Remus Lupin was tied up in red ribbons, and only ribbons, with a large bow over his mouth. Tonks lit up like she was Ron Weasley getting a Dagwood. She grabbed the coupon from the goblin's hand and tucked her new boy toy under her other arm and ran out of the bank. The others present covered their eyes and hoped for a drive-by obliviation.

"Remus shouldn't have made that last deal," Sirius chuckled. "I bet he's forgotten all about it, but I haven't. Bwahahahaha!"

"Okay, so Harry Potter," Sirius said. "You get everything else. Which basically means, my motorcycle, Grimmauld Place, and the stuff inside. There was a sizable pile of gold, but I spent all that on Lucius getting kicked in the crotch daily by goblins. I think it's gold well spent. Have fun and don't be afraid to ask Hermione to borrow some of my library from time to time. Don't be a mopy face and know that we love ya, bye!"


"Draco, it's been two weeks, you can put the bag of burning excrement down now," Lucius said with a wince as he sat down.

"I can't, I really, really tried, but I can't let go," Draco said with tears running down his face.

"Oh dear," Narcissa gasped in realization. "Sirius said 'at least a week' but he never gave an actual end."

She stuck her head up in the air and sniffed. "We shall have to hire the greatest cursebreakers to take care of this."

And that's when the photo album opened up to show her 3rd year school photo: acne, big hair, gangly limbs and all. With the day already ruined, Narcissa decided to go back to her room and enjoy Sirius' only positive present, which she had named "Mr. Big."

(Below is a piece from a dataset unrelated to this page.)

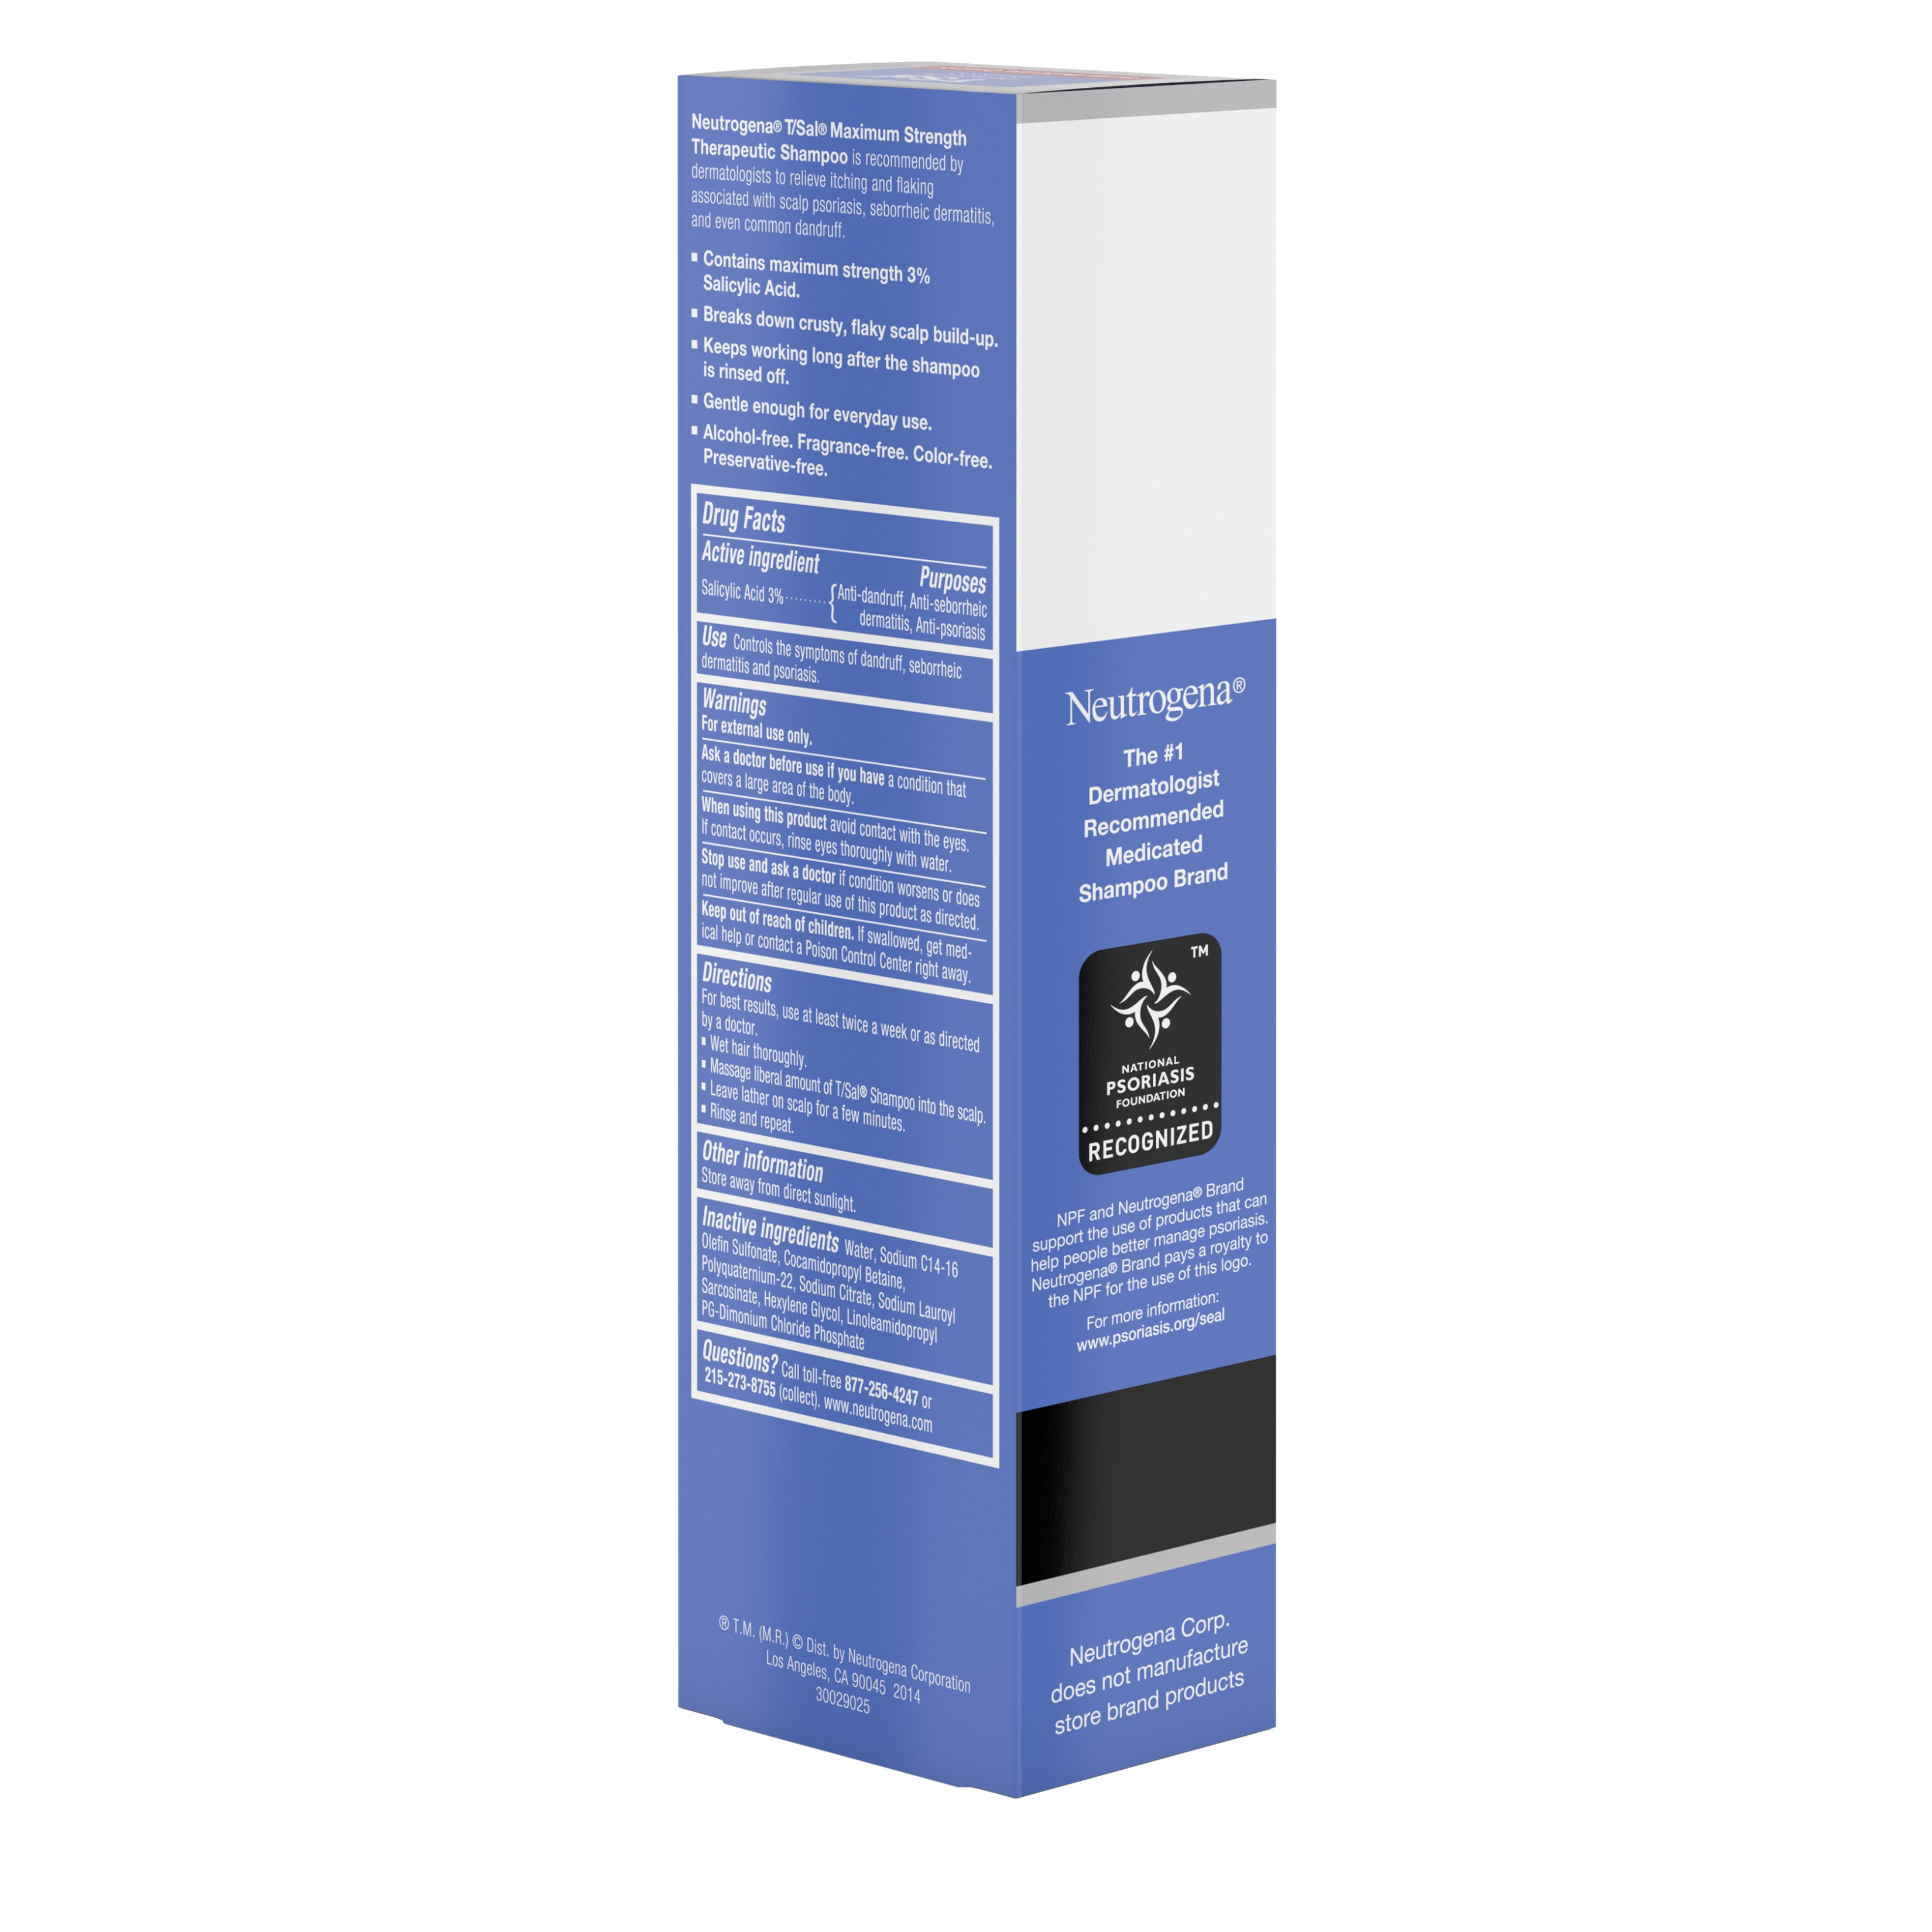 Neutrogena T Sal Therapeutic Shampoo With Scalp Build Up Control 3 Salicylic Acid 4 5 Fl Oz Walmart Com Walmart Com

Ron Weasley finally finished his sandwich. He leaned back, patting his bulging stomach and smiled. It had been the greatest three weeks of his life.


"Must escape," Remus said as he crawled to the door. "Must seek help."

"Ohohohohohohoh!" came a familiar voice from behind him. He slowly turned around to see Tonks all set up to have cosplay sex with a purple latex outfit, sea green hair and a pair of little black wings from her head and another, larger pair from her waist. "You won't escape that easily, my pretty! If you can move, you still have energy for me to absorb!"

"Must... resist..." Remus said before completely failing to resist.


Later at Grimmauld Place, Harry came across a Hermione who was curled up in a chair, nose deep in an issue of Magical Playboy from 1974. He smirked a little and raised an eyebrow, waiting for her to notice his presence. So absorbed in the issue was she, that it was some time before she did realize she wasn't alone.

"I-I-" Hermione stammered while turning a shade of red usually reserved for molten lava. "I read it for the articles!"